- The Washington Times - Wednesday, June 4, 2008

NEW YORK | A paraphrased quote from Shakespeare’s “Hamlet” may cost a prominent Jewish charity its 36-year recognition by the United Nations.

A coalition of developing nations on Tuesday night threatened to strip the World Union for Progressive Judaism (WUPJ) of its U.N. accreditation after the group’s Geneva representative warned that “something is rotten” in the U.N. Human Rights Council (HRC).

At a recent session of the council, convened to discuss Israel’s purported violations of the rights of the Palestinian people, WUPJ human rights representative David G. Littman tried to read aloud the paragraph of the Hamas charter refusing to recognize the state of Israel.

Romanian Ambassador Doru Costea, president of the HRC, repeatedly cut him off, telling Mr. Littman to address the subject: Israel’s violation of Palestinian rights. With his time at the podium running out, an exasperated Mr. Littman ad libbed from Hamlet: “There is a general malaise in the air, a feeling that something is rotten in the state of this council.”

After an outcry from the 118-member Non-Aligned Movement (NAM), the WUPJ circulated a written apology to “those who felt offended” by the remarks.

Tuesday night, NAM leader Cuba, joined by Qatar and Egypt, complained that the apology was unacceptable and therefore WUPJ should be stripped of its credentials.

“We are truly dissatisfied,” the Cuban representative said. “We do not see this organization’s intention to offer a sincere apology. We see a clear violation of [HRC rules and] believe this committee should take a stand.”

The representative of Qatar added: “He said there was a rotten smell in the council. … The apology was not sincere, open or formal.
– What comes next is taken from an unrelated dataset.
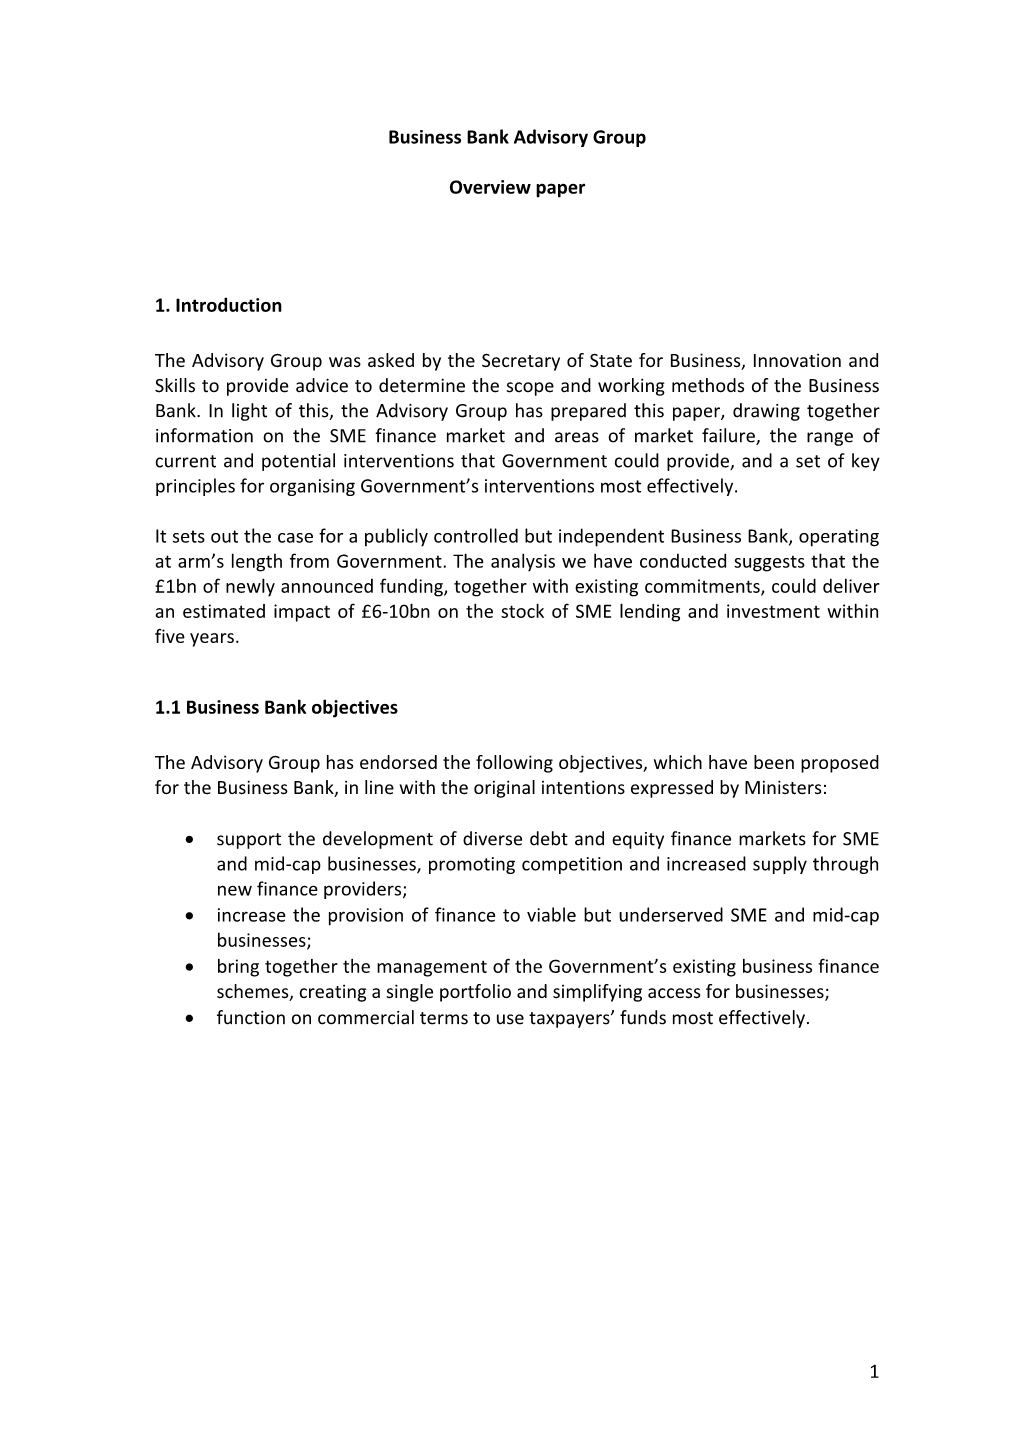 Business Bank Advisory Group: Overview Paper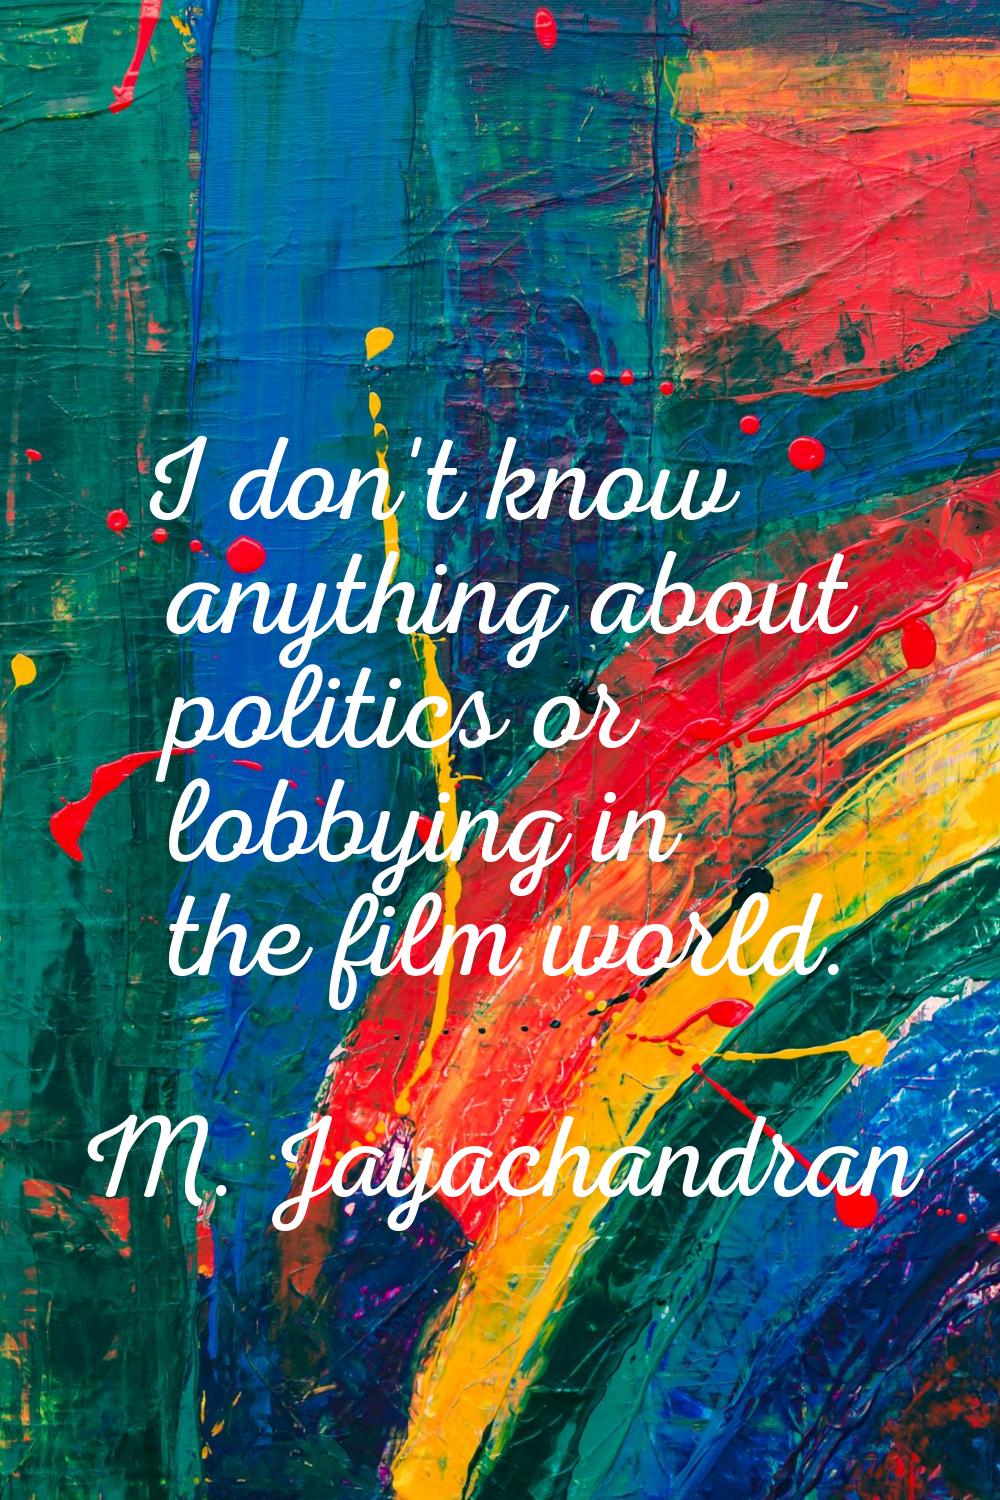 I don't know anything about politics or lobbying in the film world.

This is unacceptable. This is unjustified and politically motivated.”

The credentials committee on nongovernmental organizations could vote Wednesday morning to revoke WUPJ’s U.N. accreditation for all meetings related to economic and social issues for the offense. WUPJ, which has been recognized by the United Nations for 36 years, is active on issues including those relating to women, children, health, social justice and Israel. The Jerusalem-based organization is an umbrella group representing 1,200 reform, liberal, progressive and reconstructionist congregations in 42 countries.

None of the representatives speaking against the WUPJ mentioned it by name, referring only to “the organization.”

“We don’t really know what will happen today,” WUPJ President Rabbi Uri Regev told The Washington Times. “This is almost unprecedented.”

None of the diplomats who spoke for or against the WUPJ on Tuesday defended the merits of Mr. Littman’s attempted remarks — that Hamas, by advocating the destruction of the Jewish state, was effectively advocating genocide.

“I must profess, I don’t have a strong opinion on this,” said Brian Young, an adviser at the U.S. Mission to the United Nations, who asked the committee to delay a vote so all the facts could be gathered. He said that the WUPJ apology appeared to be sincere, and warned against silencing accredited nongovernmental organizations.